Feature Extraction Process

  1. Apply Fourier Transform: For each 30-ms slice of audio, run a Fourier transform after applying a Hann window filter.

  2. Calculate Magnitude: Square the real and imaginary parts of the Fourier transform, sum them up, and then take the square root to find the magnitude for each frequency bucket.

  3. Frequency Bucketing: Given 480 samples in 30 ms (at a rate of 16,000 samples/second), we pad zeros to make it 512 samples for the FFT algorithm. This gives us 256 frequency buckets.
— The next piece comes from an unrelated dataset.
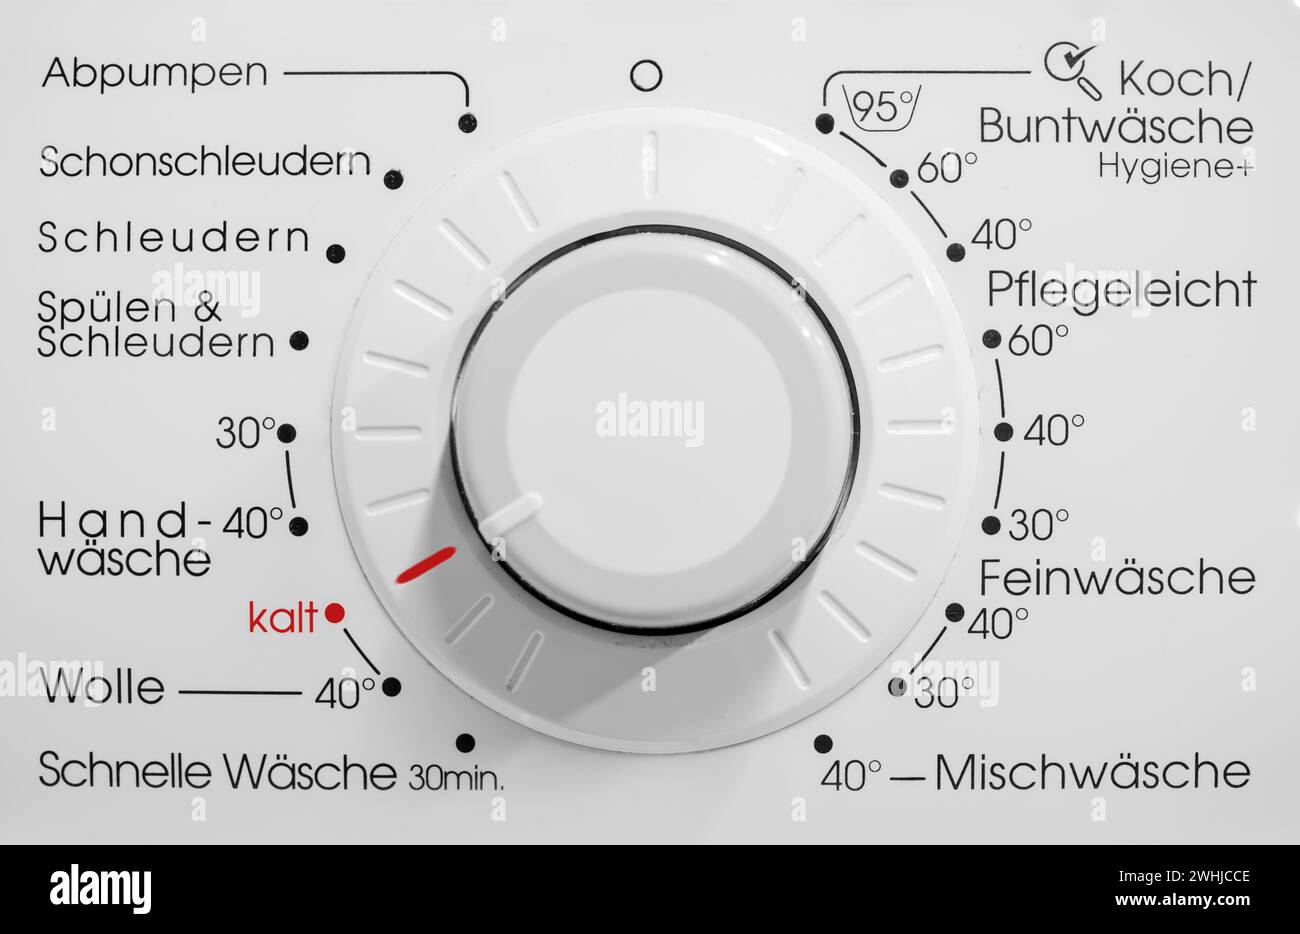 Pannello di controllo della lavatrice tedesca. Visualizzare la lavatrice con la scritta rossa Kalt - Cold Foto Stock

To make it more manageable, we average these into 40 buckets. We use the mel frequency scale to give more weight to lower frequencies.

  4. Noise Reduction: Keep a running average of each frequency bucket. Subtract this average from the current bucket value to remove background noise.

  5. Odd-Even Coefficients: The algorithm uses different coefficients for odd and even frequency buckets. This was designed to enhance performance and creates a comb-like pattern in the feature images.

  6. Signal Boosting: Use per-channel amplitude normalization (PCAN) to auto-gain the signal based on average noise levels.

  7. Log Scaling: Apply a logarithmic scale to each bucket value to prevent louder frequencies from overshadowing quieter ones.

This procedure is looped 49 times, each time advancing the 30-ms audio window by 20 ms, to process one second of audio. The result is a 2D array with 40 columns (for each frequency bucket) and 49 rows (for each time slice).


Model Structure

The model has three main layers:

  1. Convolutional Layer: Contains 8 filters, each sized 8x10 pixels.
  2. Fully Connected Layer: Connects to the convolutional layer's output.
  3. Softmax Layer: Outputs the final probabilities for each category.

For input, the model expects a 4D array with dimensions 1 x 49 x 40 x 1, which represents a spectrogram of 49x40. The extra dimensions are for TensorFlow compatibility.

After convolution, the output shape becomes 1 x 25 x 20 x 8, giving us 4000 values. These feed into the fully connected layer, which then returns 4 outputs corresponding to the categories: "yes," "no," "unknown words," and "silence." The category with the highest probability becomes the model's prediction.

The model is lightweight, occupying only 18 KB and requiring 400,000 arithmetic operations for a single run.


Additional Factors

Detection Frequency

To increase the likelihood of capturing a complete word within a one-second window, the model needs to run more frequently than once per second. Based on experience, running the model 10 to 15 times per second yields optimal results.

Post-Processing

A special post-processing class is used to improve recognition accuracy. This class takes the raw model outputs and averages the scores over a short time frame. A word is recognized only if it receives multiple high scores in that time window. An algorithm then determines if the scores for any category exceed a set threshold. The filtered results are sent to the CommandResponder, which performs an action based on the platform's capabilities.